Joanna Warsza, curator for visual arts, Tangente St. Pölten - Festival for Contemporary Culture © Jürgen Völkl

Joanna Warsza, curator for visual arts, Tangente St. Pölten - Festival for Contemporary Culture © Jürgen Völkl

The programme at the Festspielhaus Sankt Pölten also includes an opera that is as explosive as it is evocative: Milo Rau, the internationally acclaimed Swiss theatre-maker and new artistic director of the Vienna Festival, is developing a choral and elegiac work in the opera Justice about an environmental disaster in the Congo and the fate of a village in times of globalization - the theater can be seen here as a political place where global discourses are collectively negotiated. The voices of ghosts and victims, the guilty and the supposedly guilty mingle with the myths of the region, which is not only rich in natural resources. Congolese author Fiston Mwanza Mujila, who lives in Graz, has been recruited as co-librettist, while the music is by Catalan composer Hèctor Parra. A top-class ensemble can also be experienced on stage, and the formidable conductor Titus Engel is at the podium of the Niederösterreichische Tonkünstler.

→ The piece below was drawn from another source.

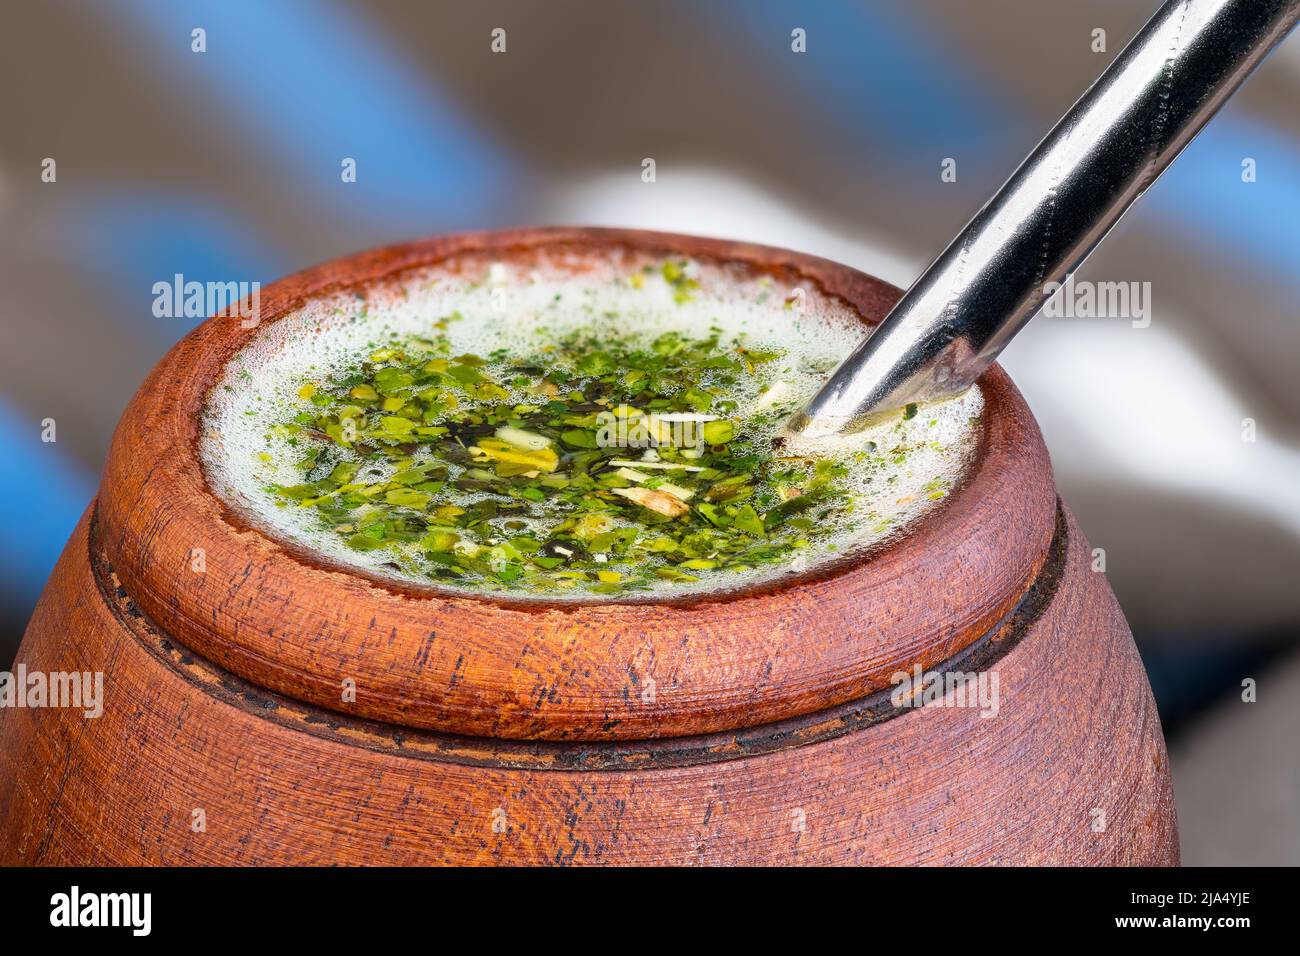 Wood cup of hot yerba mate with metal bombilla straw detail. Dried green holly leaves and white froth in herbal tea. Traditional South American drink. Stock Photo

Tonkünstler Orchestra, Festspielhaus St. Pölten © Werner Kmetitsch

Tonkünstler Orchestra, Festspielhaus St. Pölten © Werner Kmetitsch

The extraordinary production Shared Landscapes, co-produced by Tangente St. Pölten, the Berliner Festspiele and the Festival d'Avignon, among others, and realized by the Théâtre Vidy-Lausanne and Rimini Apparat, in turn takes seven contemporary pieces to the outskirts of Sankt Pölten, where, according to the announcement, "an entire day is spent among trees, meadows, human and non-human inhabitants. In the open air, a new kind of community is created at the transition between city and countryside." The intensive, highly recommended performance, conceived and curated by Caroline Barneaud and Stefan Kaegi (Rimini Protokoll), includes a walk lasting several hours with artistic interventions, performances, audio tours, music scores, choreographies and media art.
Other highlights of the Tangente St. Pölten 2024 are also Katalog der Vögel with the French star pianist Pierre-Laurent Aimard and the wonderful actress Birgit Minichmayr, who will be exploring Olivier Messiaen's 13-part cycle Catalogue d'oiseaux, which delves deep into the world of birdsong; the world premiere of the Austrian-Italian-Dutch music theater production Alfa Romeo and the electric Giulietta, in which the internationally renowned collective Wunderbaum creates a forward-looking narrative about the former vision of a beautiful, new (car) world that is increasingly losing its beauty and novelty today; the performance of Marta Górnicka's Mothers. A Song for Wartime, a gripping musical theater production at the Landestheater that revolves around violent war rituals and focuses on Ukrainian, Polish and Belarusian mothers and their children; Alien Disko with indie rock luminaries The Notwist and their program developed exclusively for the Tangente and the Festspielhaus; the brilliant dance theater piece New Work by Crystal Pite and Jonathon Young, in which the human need for belonging is explored in a captivatingly emotional way; and the far-sighted dance evening "blue nile to the galaxy around olodumare" by Jeremy Nedd and the group Impilo Mapantsula, who trace the intricate experiences of the African diaspora and know how to fuse spiritual, cosmic jazz and Afrofuturism as a gesture of liberation in an incomparable way.